Had the court instructed the jury that, in order to find against the defendant H. A. Tidwell, they must find that his negligence was the sole and proximate cause of the injuries to the plaintiff, the charge would obviously have been error. But the court charged the jury "or was the proximate cause of the injuries." There is no doubt that, had the charge omitted the words "sole proximate," it would have been a clearer explanation of the rule it expressed, but, since as finally qualified, it gave the correct rule, and it could hardly be thought that the jury was confused by the inadvertent reference to "sole proximate cause," we do not think the charge was error requiring a new trial.
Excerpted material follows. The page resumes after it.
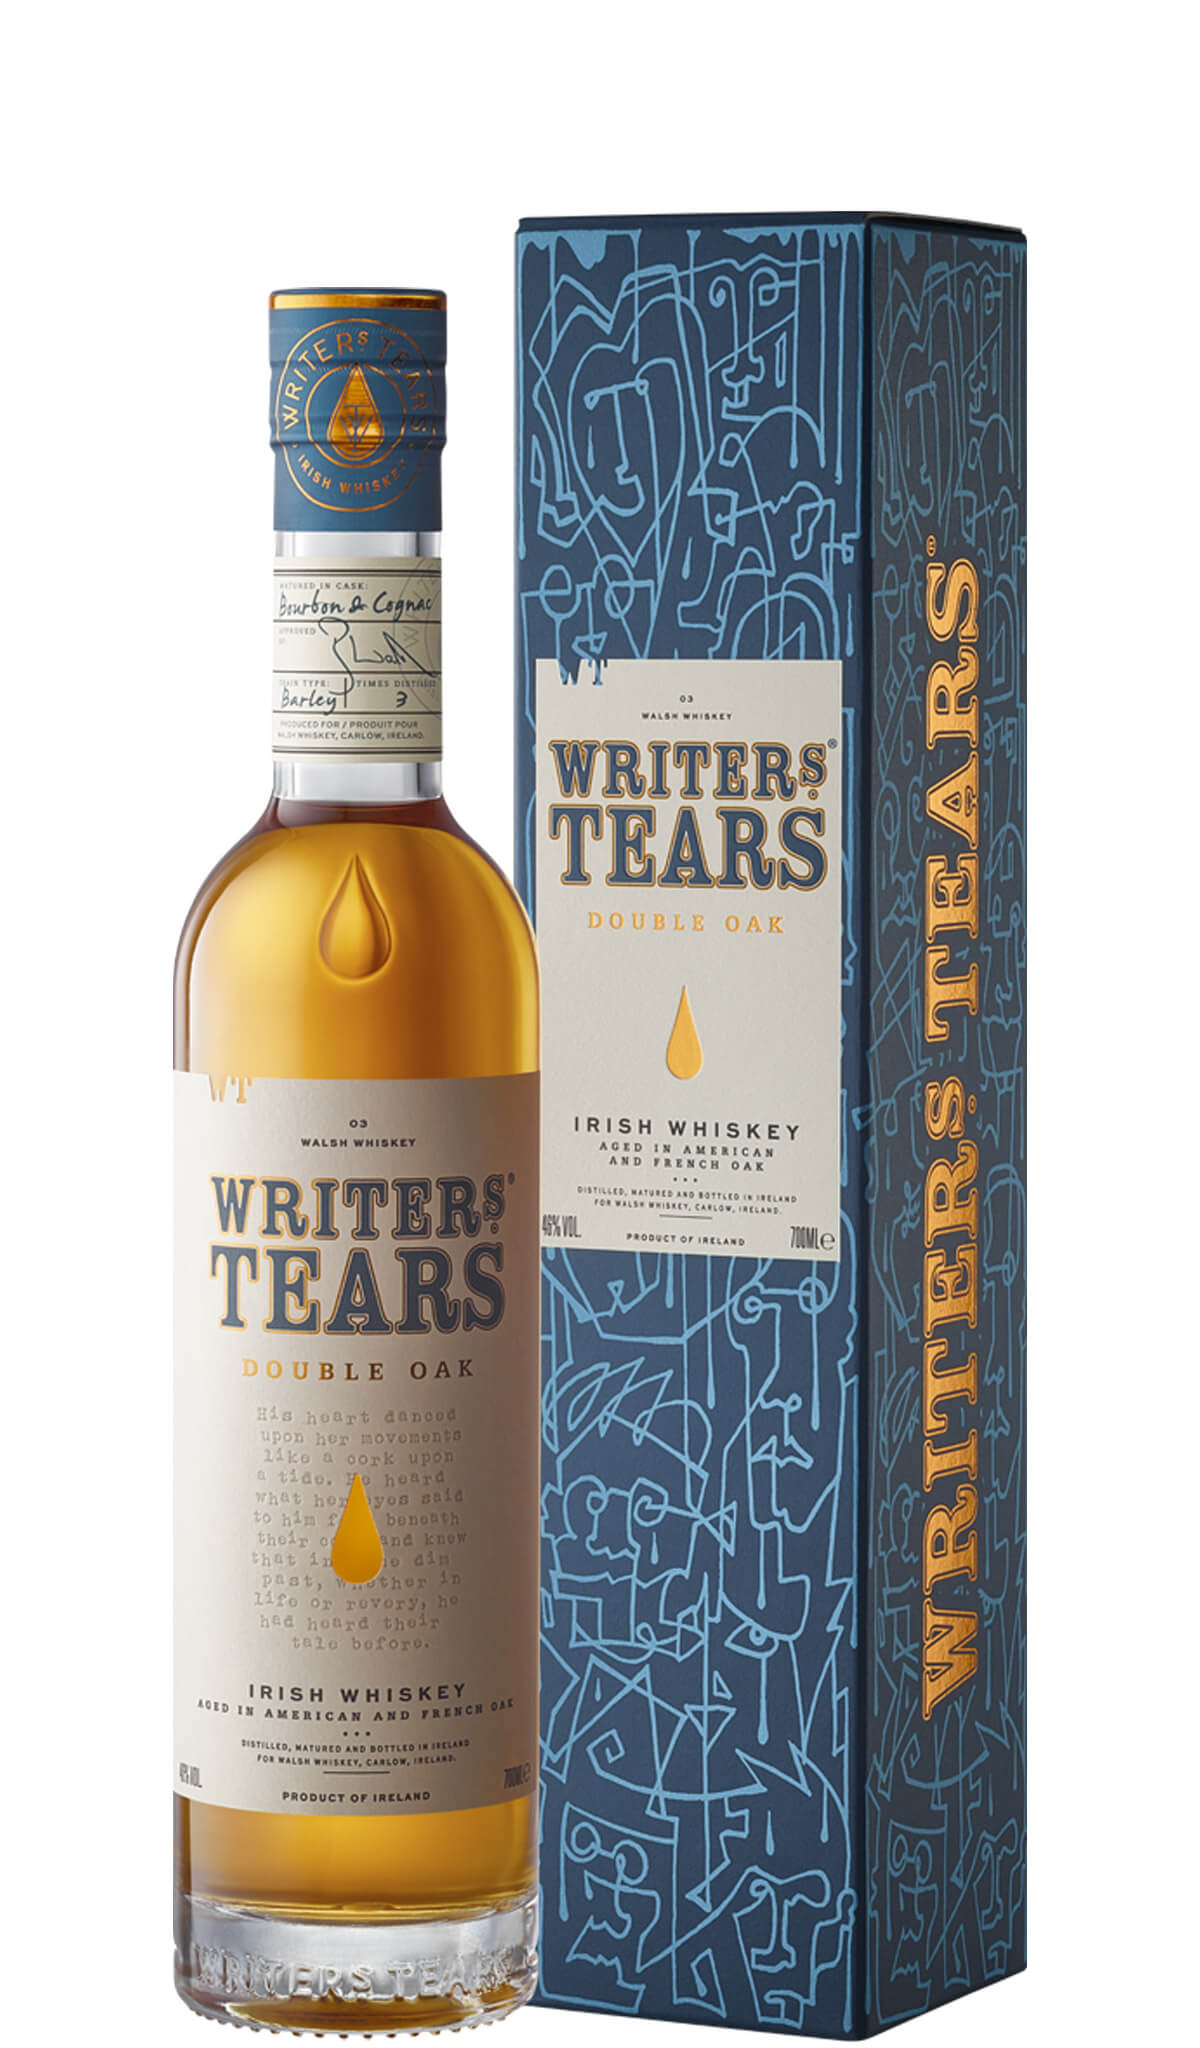 Find out more or buy Writers Tears Double Oak Irish Whiskey 700ml online at Wine Sellers Direct - Australia’s independent liquor specialists.
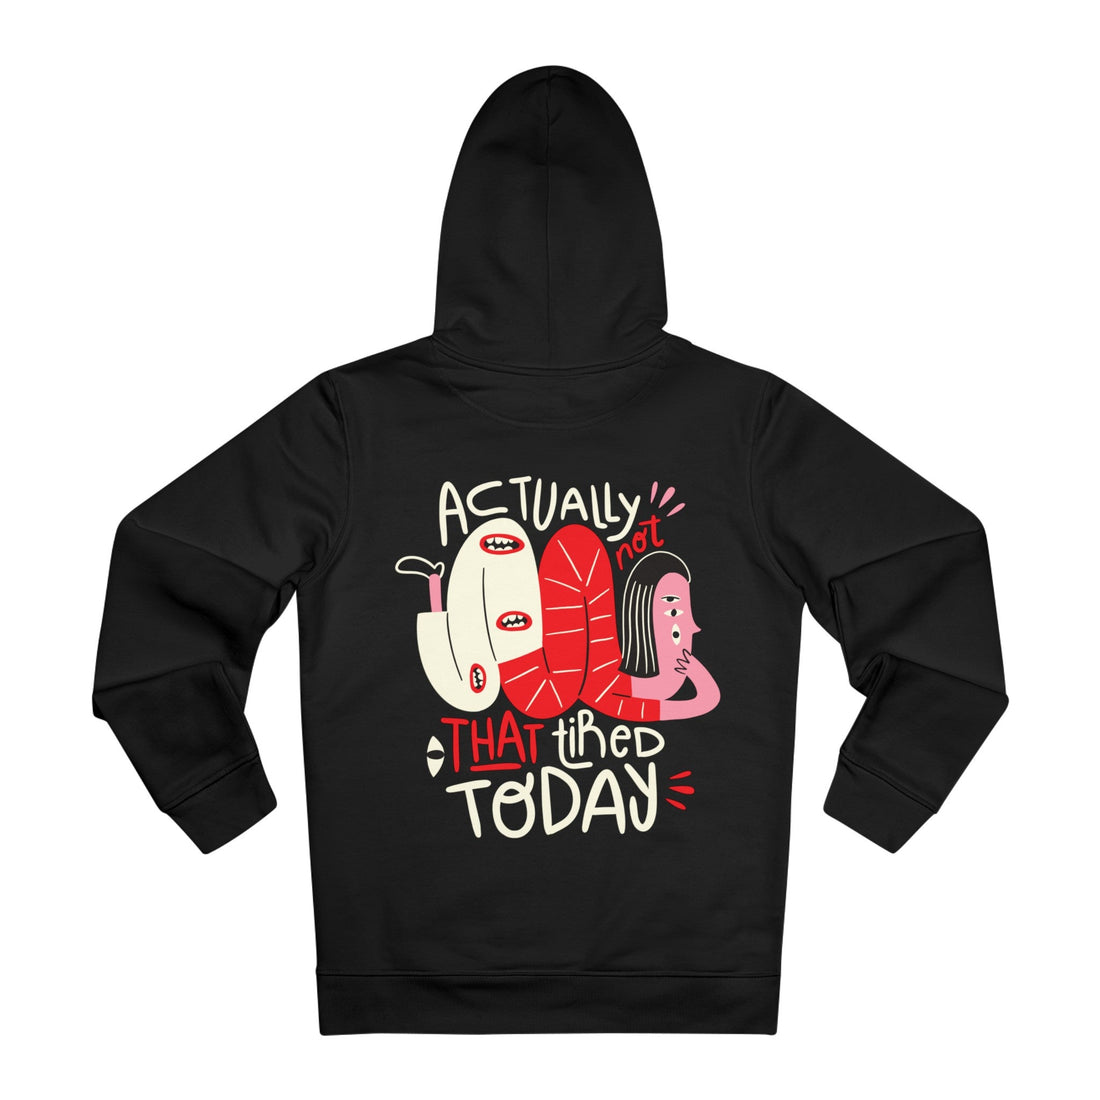 Printify Hoodie Black / M Actually not that tired Today - Weird Characters with Positive Quotes - Hoodie - Back Design

Especially is this true in view of the other instructions given the jury to the effect that, if both defendants were negligent as charged in the petition, and "that the negligence of each was the proximate cause of the injuries received by the plaintiff, then, gentlemen, if you should find that, then you might find a verdict in favor of the plaintiff, and you would go further and determine the amount of damage, under the rules as charged you by the court, how many dollars and how many cents, the jury should assess as an amount of damage, not to exceed the amount claimed in the petition."
This ground of the motion for a new trial is without merit as to the reasons assigned.
Judgment affirmed. Felton, C. J., and Nichols, J., concur.